▶ [WHAT YOU HAVE TO DO]: Your task is to retype every entry exactly, omitting nothing.

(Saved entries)
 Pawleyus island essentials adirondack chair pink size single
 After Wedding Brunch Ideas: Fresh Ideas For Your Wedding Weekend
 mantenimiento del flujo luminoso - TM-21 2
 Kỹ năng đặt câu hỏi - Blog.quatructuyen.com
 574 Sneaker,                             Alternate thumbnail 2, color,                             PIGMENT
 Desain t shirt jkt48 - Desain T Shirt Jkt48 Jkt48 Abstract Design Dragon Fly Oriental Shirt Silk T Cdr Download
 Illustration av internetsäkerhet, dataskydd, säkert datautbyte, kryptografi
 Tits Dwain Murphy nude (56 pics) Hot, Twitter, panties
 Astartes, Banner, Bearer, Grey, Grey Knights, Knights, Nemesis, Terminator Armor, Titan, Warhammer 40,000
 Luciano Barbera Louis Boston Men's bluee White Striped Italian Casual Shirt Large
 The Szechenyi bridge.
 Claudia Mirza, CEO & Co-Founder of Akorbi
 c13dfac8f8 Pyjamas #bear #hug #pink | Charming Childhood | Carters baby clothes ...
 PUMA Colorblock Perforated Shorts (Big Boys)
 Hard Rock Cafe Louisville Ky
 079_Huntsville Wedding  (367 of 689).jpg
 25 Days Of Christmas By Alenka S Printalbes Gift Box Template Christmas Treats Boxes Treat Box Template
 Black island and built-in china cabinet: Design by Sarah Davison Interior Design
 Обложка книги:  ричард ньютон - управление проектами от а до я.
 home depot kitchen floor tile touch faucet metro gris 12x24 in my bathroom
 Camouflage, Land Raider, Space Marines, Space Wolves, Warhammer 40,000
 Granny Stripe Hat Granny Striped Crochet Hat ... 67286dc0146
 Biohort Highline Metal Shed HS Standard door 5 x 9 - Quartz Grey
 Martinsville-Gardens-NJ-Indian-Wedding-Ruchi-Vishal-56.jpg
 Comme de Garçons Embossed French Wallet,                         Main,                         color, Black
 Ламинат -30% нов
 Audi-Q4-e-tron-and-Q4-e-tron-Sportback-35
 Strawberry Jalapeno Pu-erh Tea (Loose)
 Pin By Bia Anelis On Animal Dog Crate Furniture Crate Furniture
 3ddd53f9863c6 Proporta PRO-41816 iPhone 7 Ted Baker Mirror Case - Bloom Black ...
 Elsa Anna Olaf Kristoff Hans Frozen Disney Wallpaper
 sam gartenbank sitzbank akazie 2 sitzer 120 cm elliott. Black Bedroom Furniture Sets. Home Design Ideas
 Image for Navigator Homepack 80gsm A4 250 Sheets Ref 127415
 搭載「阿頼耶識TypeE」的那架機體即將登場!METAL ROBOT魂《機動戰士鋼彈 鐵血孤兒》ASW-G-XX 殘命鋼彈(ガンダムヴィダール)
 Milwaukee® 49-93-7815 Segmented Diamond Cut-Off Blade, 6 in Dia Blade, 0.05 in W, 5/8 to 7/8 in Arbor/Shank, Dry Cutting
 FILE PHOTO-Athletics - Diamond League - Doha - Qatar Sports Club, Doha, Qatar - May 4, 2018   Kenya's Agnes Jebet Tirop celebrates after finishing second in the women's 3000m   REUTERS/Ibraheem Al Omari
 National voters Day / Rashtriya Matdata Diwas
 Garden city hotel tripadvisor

▶ [RESULT OF THIS EXERCISE]:
 Pawleyus island essentials adirondack chair pink size single
 After Wedding Brunch Ideas: Fresh Ideas For Your Wedding Weekend
 mantenimiento del flujo luminoso - TM-21 2
 Kỹ năng đặt câu hỏi - Blog.quatructuyen.com
 574 Sneaker,                             Alternate thumbnail 2, color,                             PIGMENT
 Desain t shirt jkt48 - Desain T Shirt Jkt48 Jkt48 Abstract Design Dragon Fly Oriental Shirt Silk T Cdr Download
 Illustration av internetsäkerhet, dataskydd, säkert datautbyte, kryptografi
 Tits Dwain Murphy nude (56 pics) Hot, Twitter, panties
 Astartes, Banner, Bearer, Grey, Grey Knights, Knights, Nemesis, Terminator Armor, Titan, Warhammer 40,000
 Luciano Barbera Louis Boston Men's bluee White Striped Italian Casual Shirt Large
 The Szechenyi bridge.
 Claudia Mirza, CEO & Co-Founder of Akorbi
 c13dfac8f8 Pyjamas #bear #hug #pink | Charming Childhood | Carters baby clothes ...
 PUMA Colorblock Perforated Shorts (Big Boys)
 Hard Rock Cafe Louisville Ky
 079_Huntsville Wedding  (367 of 689).jpg
 25 Days Of Christmas By Alenka S Printalbes Gift Box Template Christmas Treats Boxes Treat Box Template
 Black island and built-in china cabinet: Design by Sarah Davison Interior Design
 Обложка книги:  ричард ньютон - управление проектами от а до я.
 home depot kitchen floor tile touch faucet metro gris 12x24 in my bathroom
 Camouflage, Land Raider, Space Marines, Space Wolves, Warhammer 40,000
 Granny Stripe Hat Granny Striped Crochet Hat ... 67286dc0146
 Biohort Highline Metal Shed HS Standard door 5 x 9 - Quartz Grey
 Martinsville-Gardens-NJ-Indian-Wedding-Ruchi-Vishal-56.jpg
 Comme de Garçons Embossed French Wallet,                         Main,                         color, Black
 Ламинат -30% нов
 Audi-Q4-e-tron-and-Q4-e-tron-Sportback-35
 Strawberry Jalapeno Pu-erh Tea (Loose)
 Pin By Bia Anelis On Animal Dog Crate Furniture Crate Furniture
 3ddd53f9863c6 Proporta PRO-41816 iPhone 7 Ted Baker Mirror Case - Bloom Black ...
 Elsa Anna Olaf Kristoff Hans Frozen Disney Wallpaper
 sam gartenbank sitzbank akazie 2 sitzer 120 cm elliott. Black Bedroom Furniture Sets. Home Design Ideas
 Image for Navigator Homepack 80gsm A4 250 Sheets Ref 127415
 搭載「阿頼耶識TypeE」的那架機體即將登場!METAL ROBOT魂《機動戰士鋼彈 鐵血孤兒》ASW-G-XX 殘命鋼彈(ガンダムヴィダール)
 Milwaukee® 49-93-7815 Segmented Diamond Cut-Off Blade, 6 in Dia Blade, 0.05 in W, 5/8 to 7/8 in Arbor/Shank, Dry Cutting
 FILE PHOTO-Athletics - Diamond League - Doha - Qatar Sports Club, Doha, Qatar - May 4, 2018   Kenya's Agnes Jebet Tirop celebrates after finishing second in the women's 3000m   REUTERS/Ibraheem Al Omari
 National voters Day / Rashtriya Matdata Diwas
 Garden city hotel tripadvisor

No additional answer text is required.